(Data extract begins)
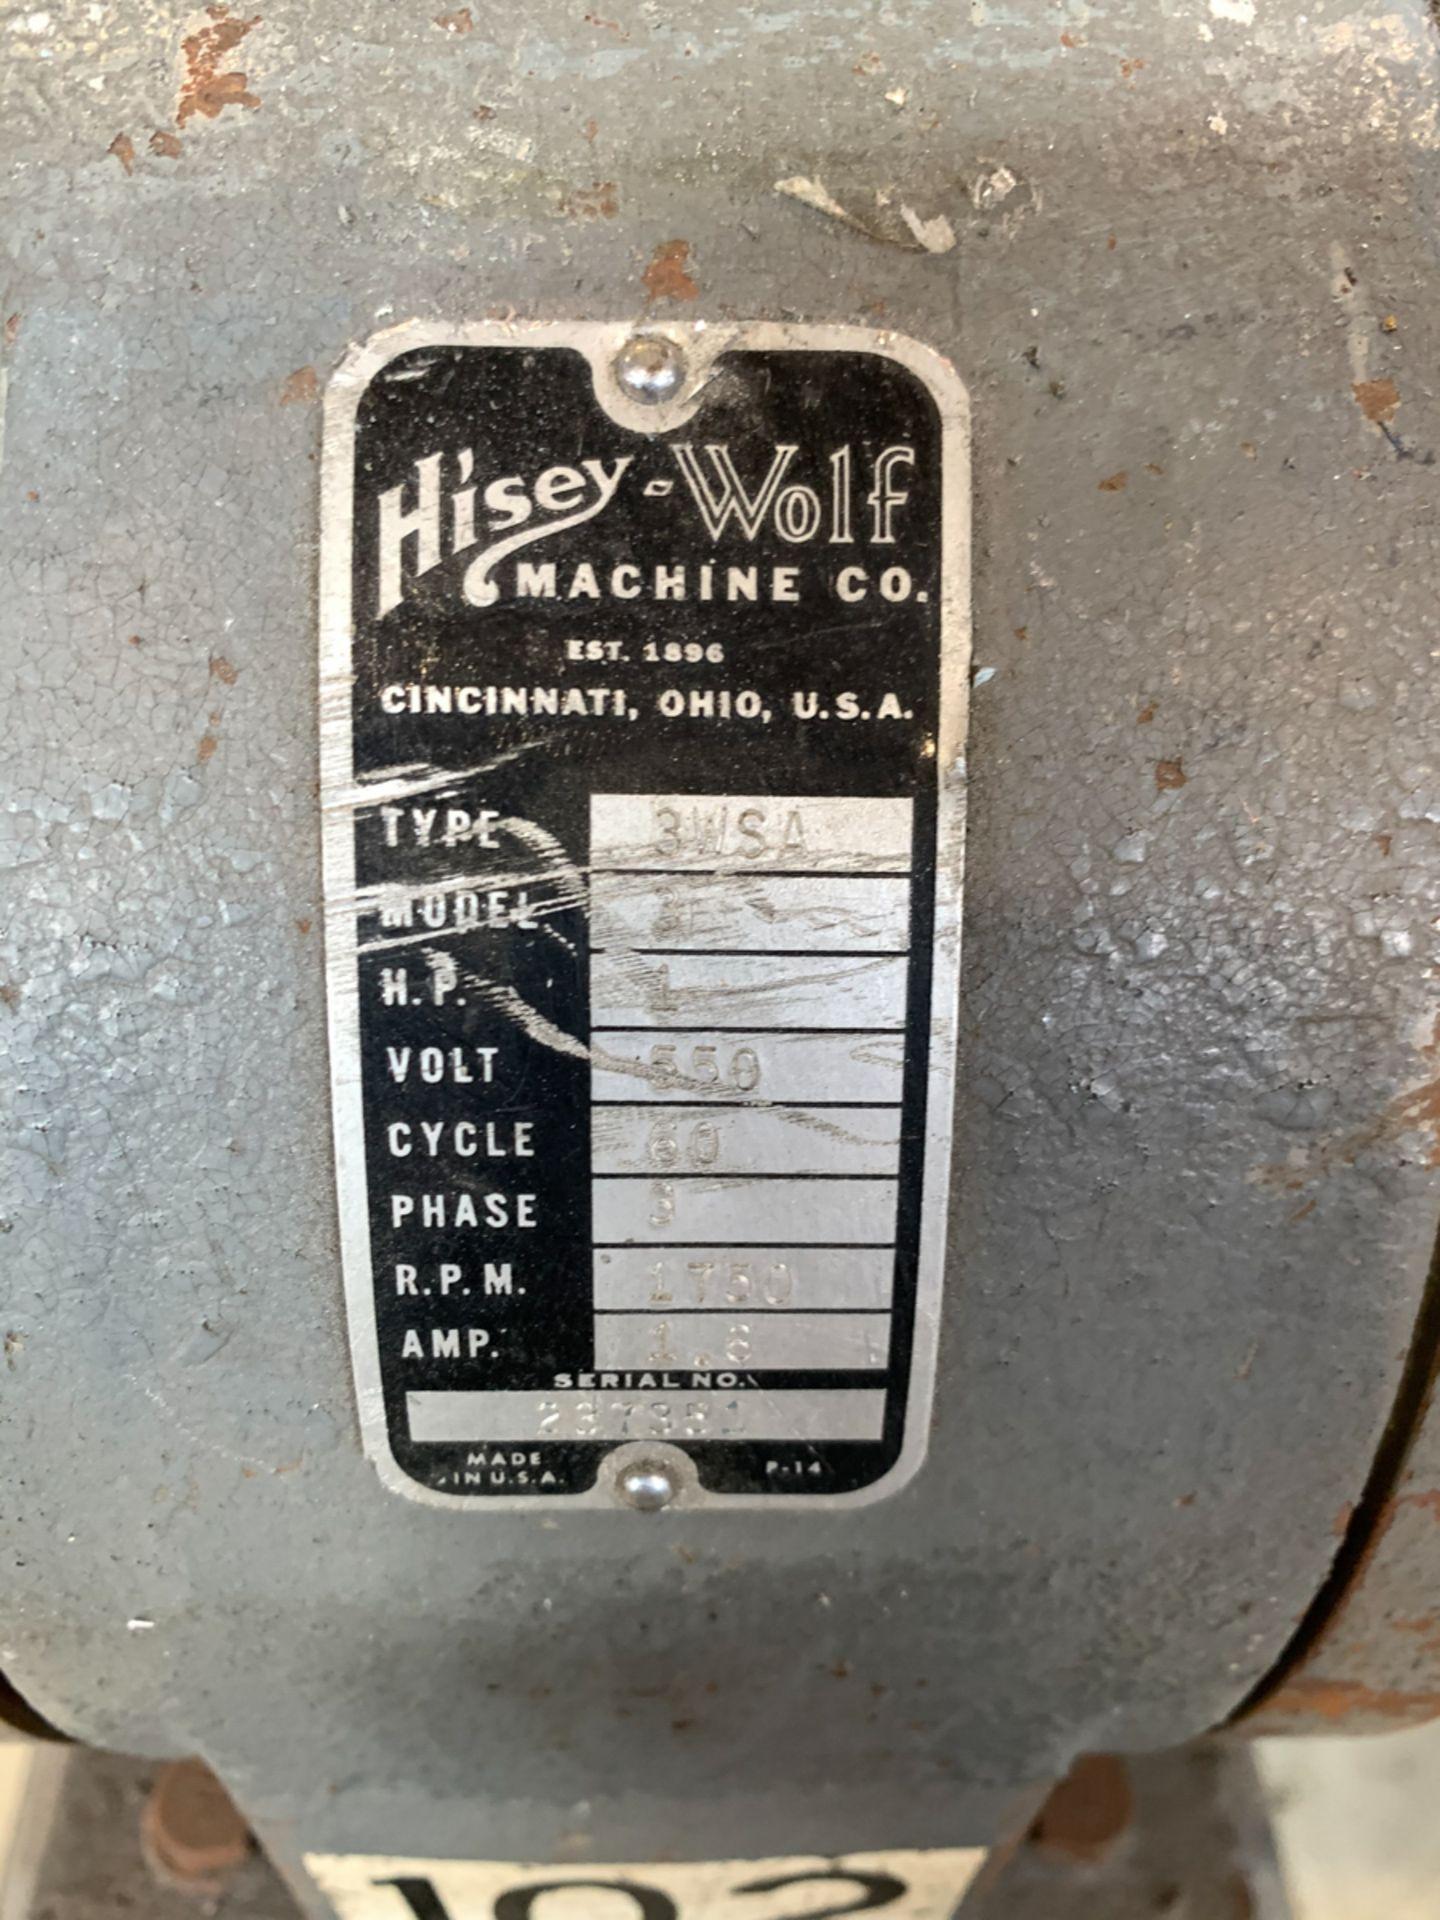 "HISEY-WOLF PEDESTAL GRINDER MOD. 3, 8"" WHEELS, 1 HP, 550 VOLTS - Image 2 of 2"
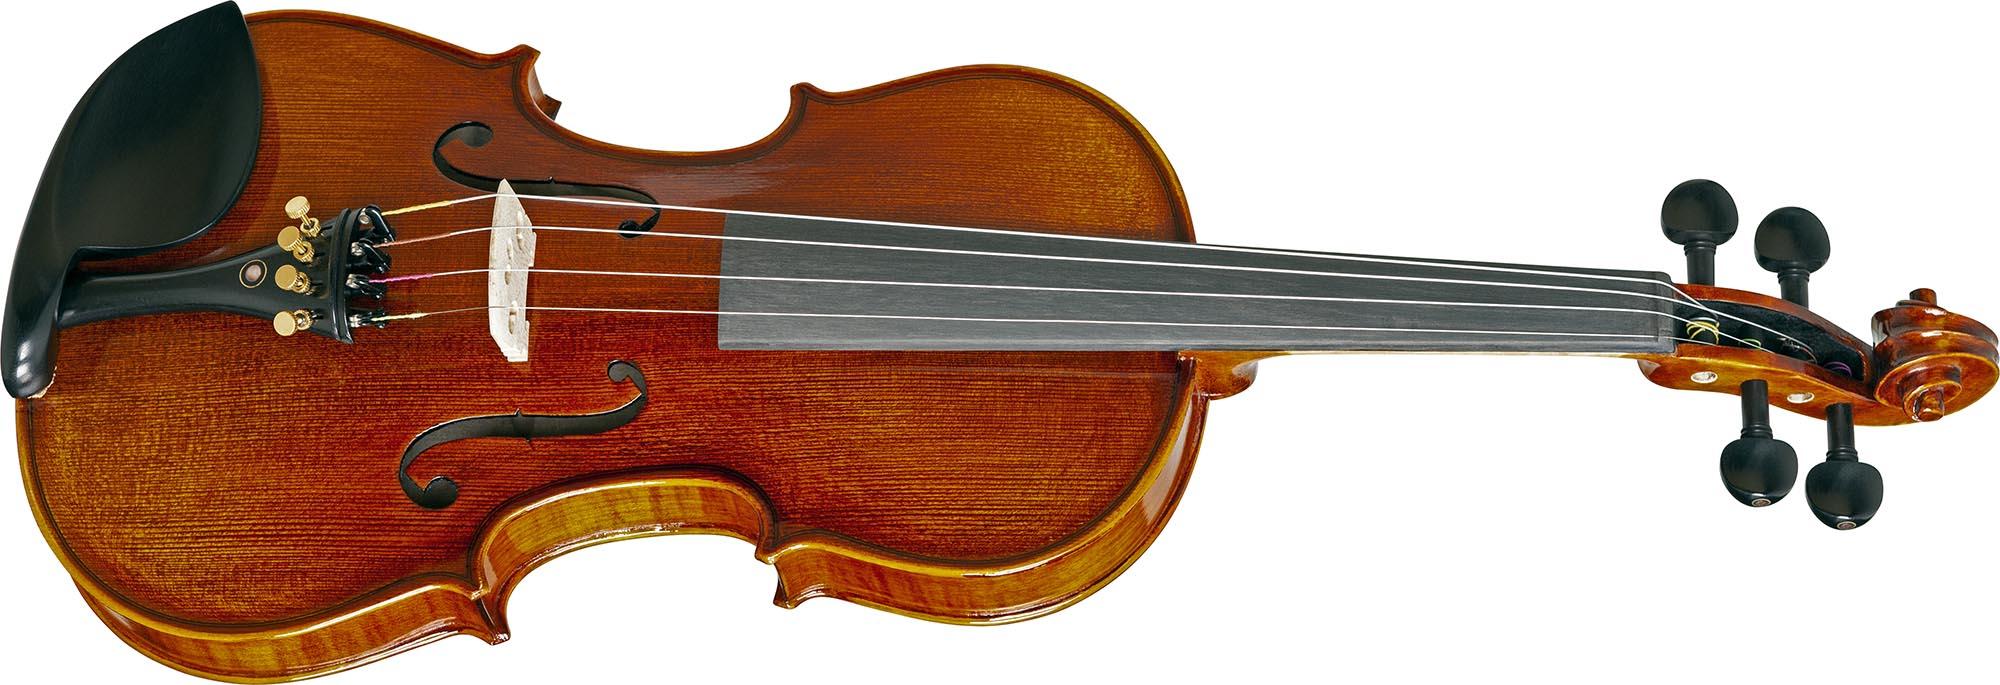 vk644 violino eagle vk644 visao frontal
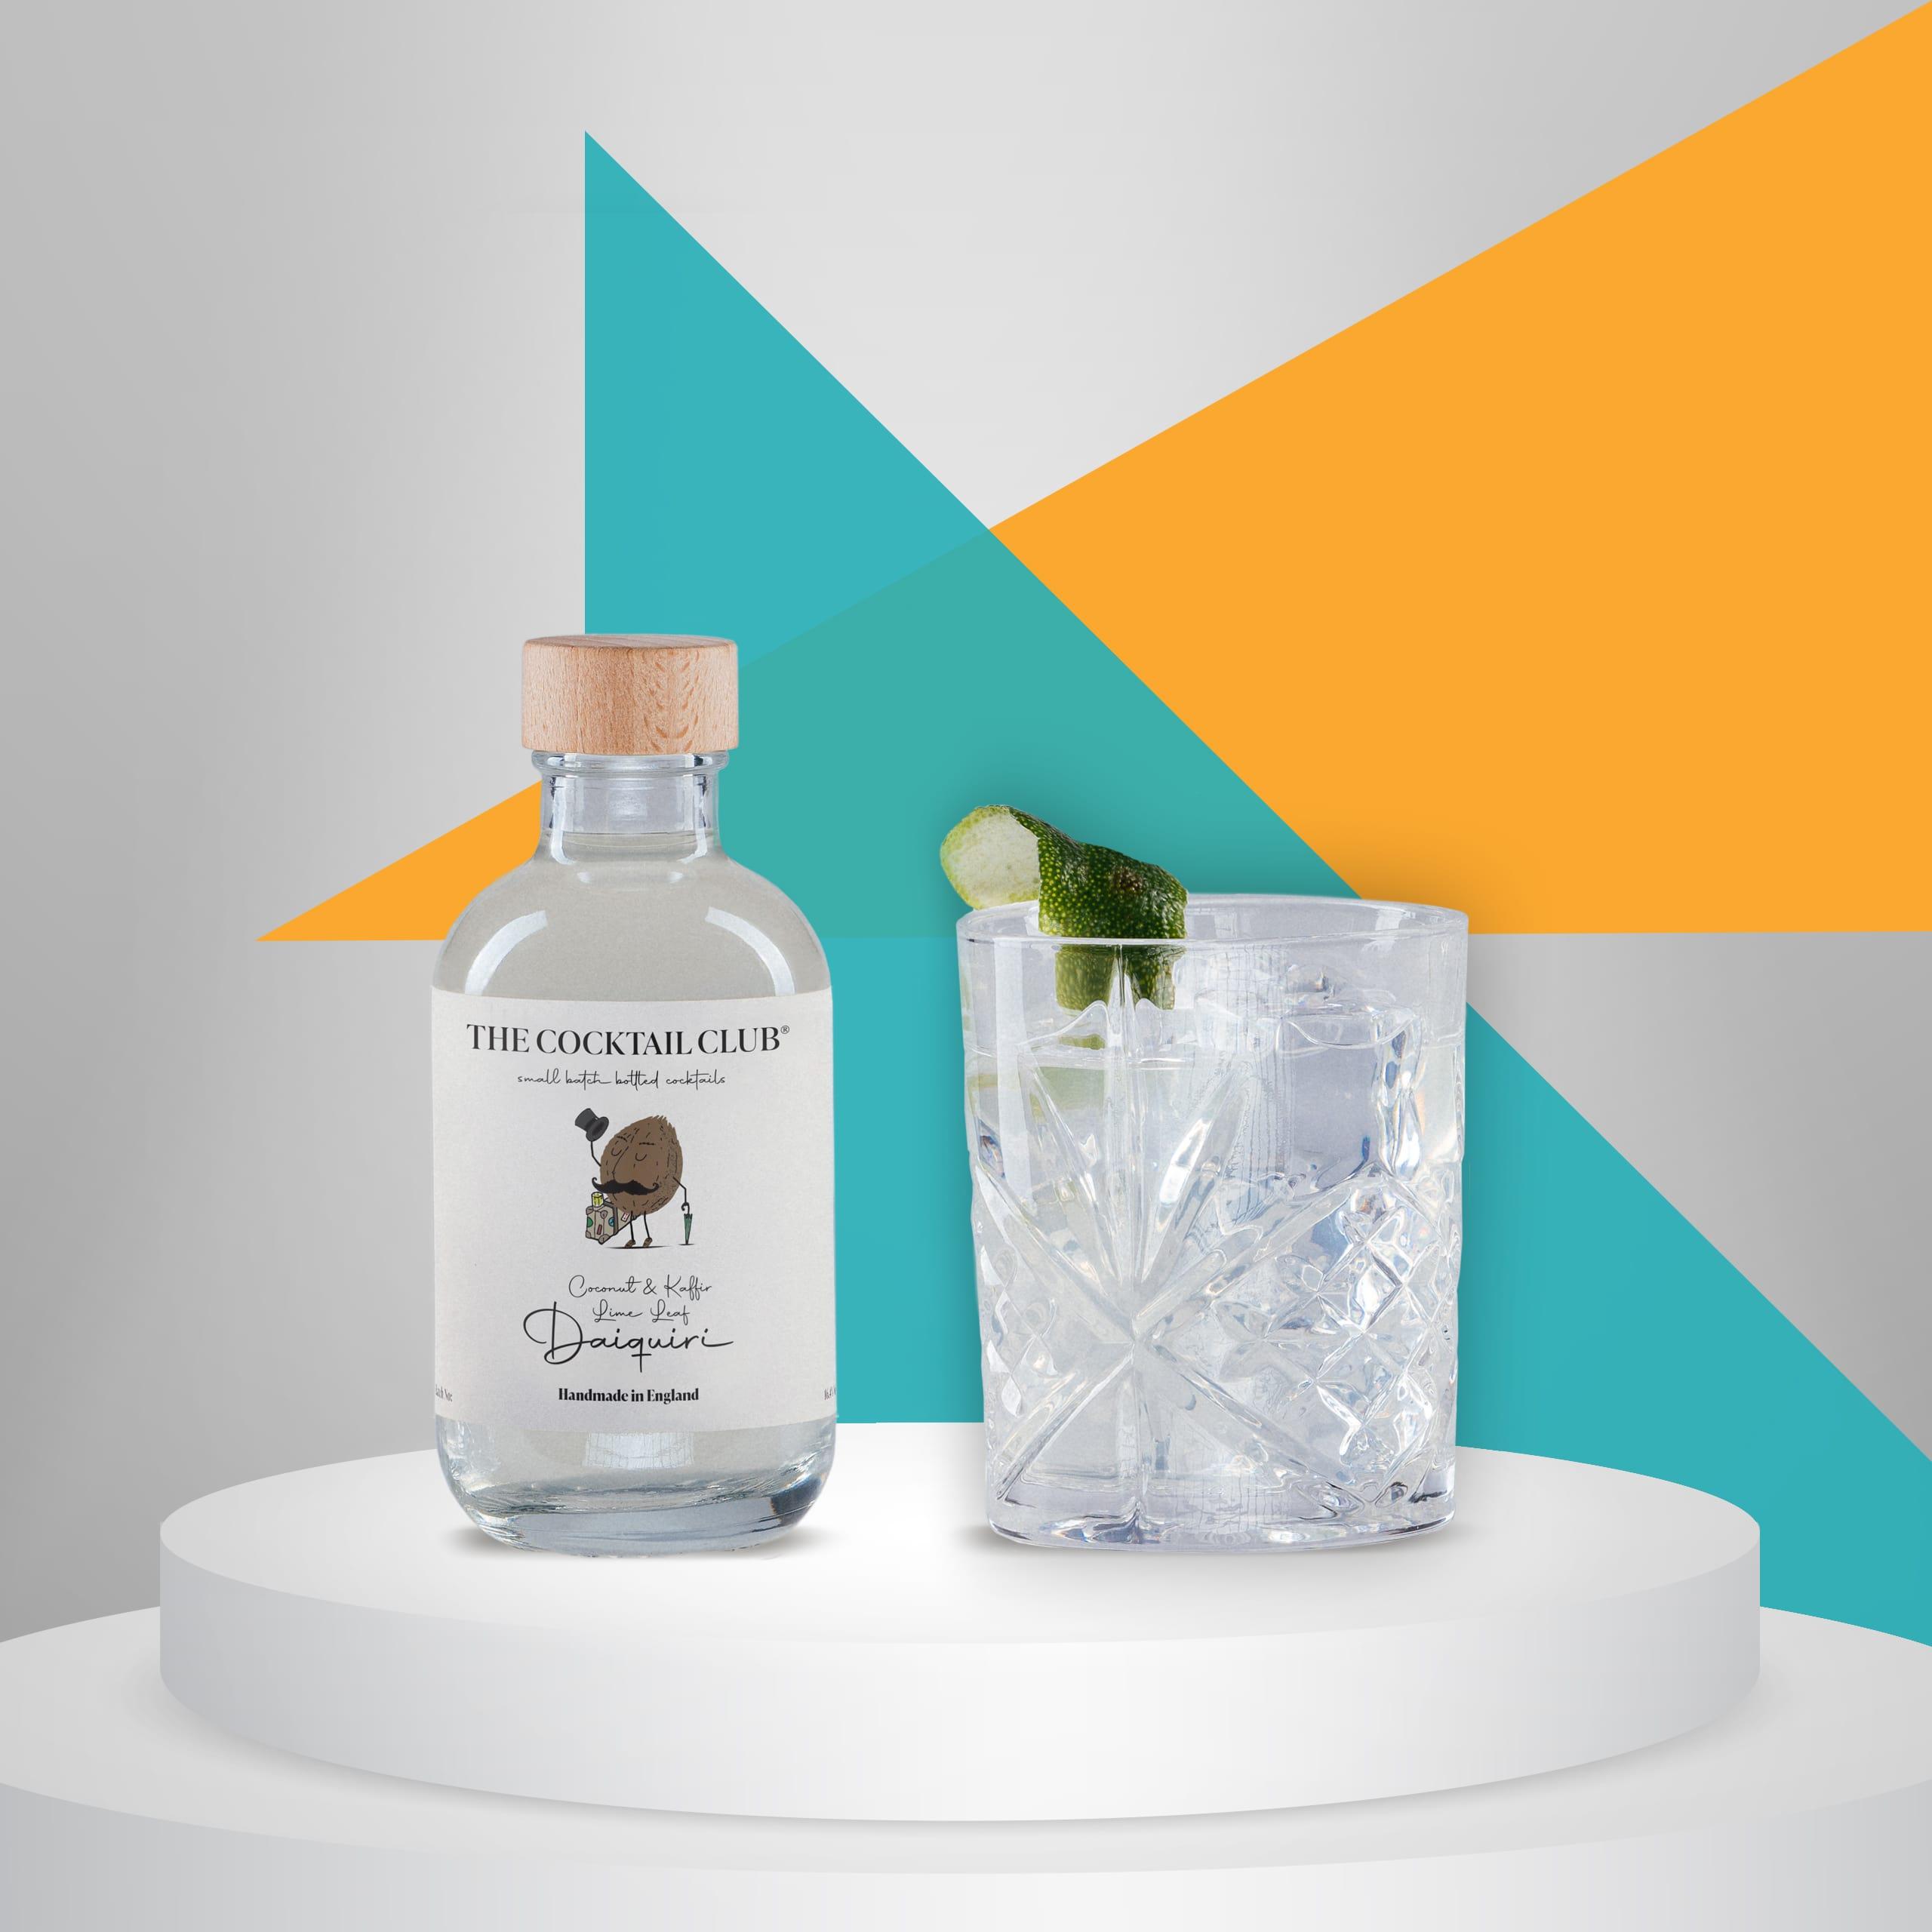 daiquiri-bottled-cocktail
(Data extract ends)
- Required work: Print the material again word for word. Please drop every picture.

- Task output:
 "HISEY-WOLF PEDESTAL GRINDER MOD. 3, 8"" WHEELS, 1 HP, 550 VOLTS - Image 2 of 2"
 vk644 violino eagle vk644 visao frontal
 daiquiri-bottled-cocktail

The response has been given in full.